Спустившись на самый нижний уступ, чтобы быть поближе к морю, я быстро шел по едва заметной в высокой траве тропке и полной грудью вдыхал свежий аромат морских растений, которым был пронизан прозрачный утренний ветерок.

Вдруг примерно в километре впереди среди камней мелькнула человеческая фигура. Через несколько минут человек появился на тропинке в сотне метров от меня, и я узнал Мастера Чу. Он был абсолютно голым, если не считать стоптаных кроссовок на ногах и широкого кожаного пояса с подвешенным на нем огромным ножом в брезентовых ножнах.

– Ты чего это? – ошарашенно поинтересовался я, пожимая протянутую руку.

– Да промок вчера...

– Как – совсем?

– Ага. Насквозь... До сих пор не высохло...

– А нож зачем?

– Нож? Да так... Надо же хоть что-то на себя надеть... Впрочем, трусы, наверное, уже высохли. Я ведь так и спал в мокром спальнике, не раздеваясь... Чтобы не остыть...

– Ночью было холодно?

– Прохладно. Градусов восемь.

– Восемь?!

– Да тут вчера такое творилось!..

– Стихия?

– Не то слово... Северный ураган пригнал фронт – куда там!.. В жизни такого не видел. Девять часов – ливень! Не переставая... Моря даже с самого нижнего уступа видно не было. Стена дождя – сплошняком, а капли – с крупную фасоль.

– Да ты что?!

– Ну! И холоднющий, зараза... Даже странно. Обычно ливни здесь теплые... Правда, и не такие крутые.

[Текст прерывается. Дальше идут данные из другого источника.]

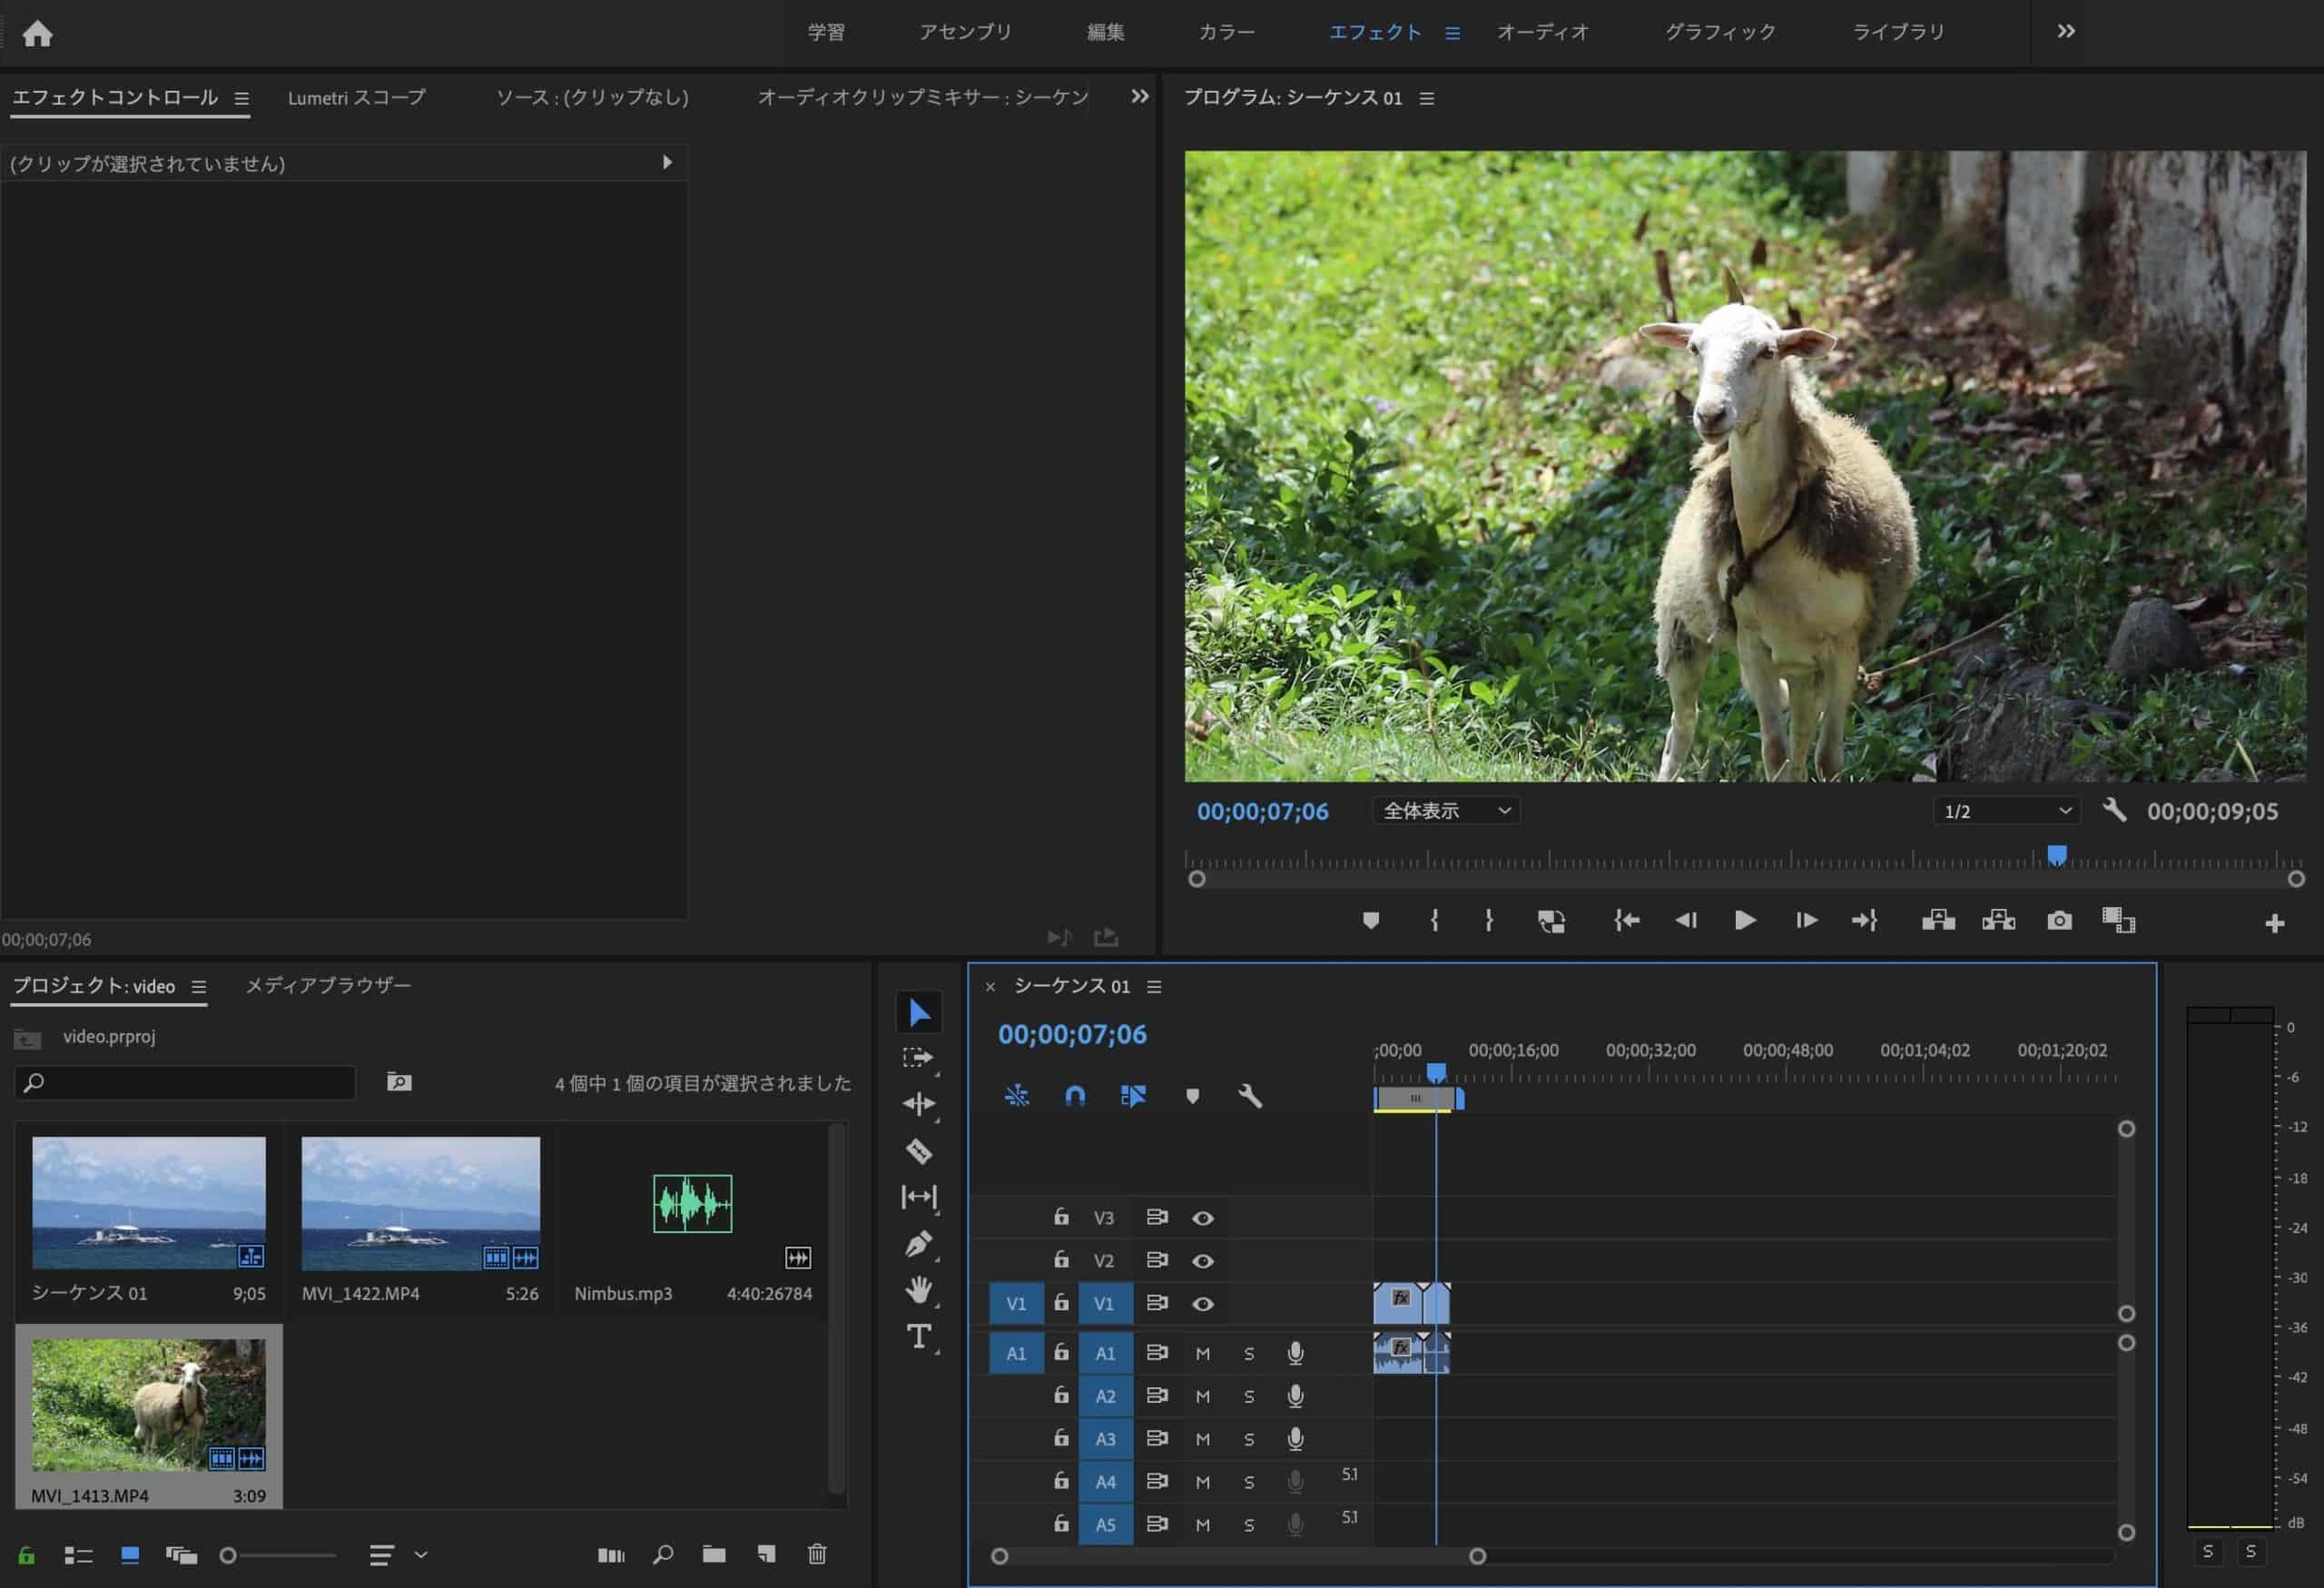 2.次に入れたい動画を最初に入れた動画の後ろに同様にドラッグして配置し、これを動画要素の数の分繰り返す

– А ты что делал? У тебя же палатки нет...

– Палатки у меня действительно нет... – согласился он. – Я под полиэтиленом лежал. На нижнем уступе...

– Что – все девять часов?!

– Девять часов – пока лил дождь, а потом еще... До самого утра.

– Спал, что ли?

– Нет... Так просто лежал...

– И думал о жизни...

– Обижаешь...

– В смысле?

– Что может быть глупее, чем просто лежать и думать о жизни?

– А почему нет?

– Да потому, что это никогда ни к чему не приводит.

– Но ведь иногда...

– Только тогда, когда ты, думая о жизни, сам не замечаешь, как перестаешь думать о чем бы то ни было. И откуда-то вдруг всплывают неожиданные решения, иногда даже самых, казалось бы, неразрешимых проблем...

– Я рассмеялся.

– Ты чего это? – поинтересовался Мастер Чу.

– Да вид у тебя дивный: дикий голый мэн с тесаком на поясе... Как нельзя лучше соответствует теме разговора: раздумья о жизни, неожиданное решение неразрешимых проблем...

– А-а... Ну это соответствие не так сложно расстроить. Достаточно надеть трусы, и все сразу же встанет на свои места. Идем к моим вещам, может, что-то уже подсохло... Я как утром оттуда ушел, так до сих пор еще не возвращался.

– А почему ты не спрятался, когда дождь начинался? – спросил я, шагая вслед за ним по тропинке. – Мог бы пару километров пробежать и в пещере на берегу укрыться. Или ты здешних пещер не знаешь?

– Знаю. Только началось не с дождя. Сначала были молнии.

– Молнии?

– Ну да... Как начали бить вокруг меня в камни, которые повыше... Я сразу понял – нужно залечь. А когда с неба потекло, менять что-либо уже не имело смысла... В полиэтилен просто завернулся да так и лежал... Слушай, я в прошлом году тебя не спросил: сам-то ты откуда?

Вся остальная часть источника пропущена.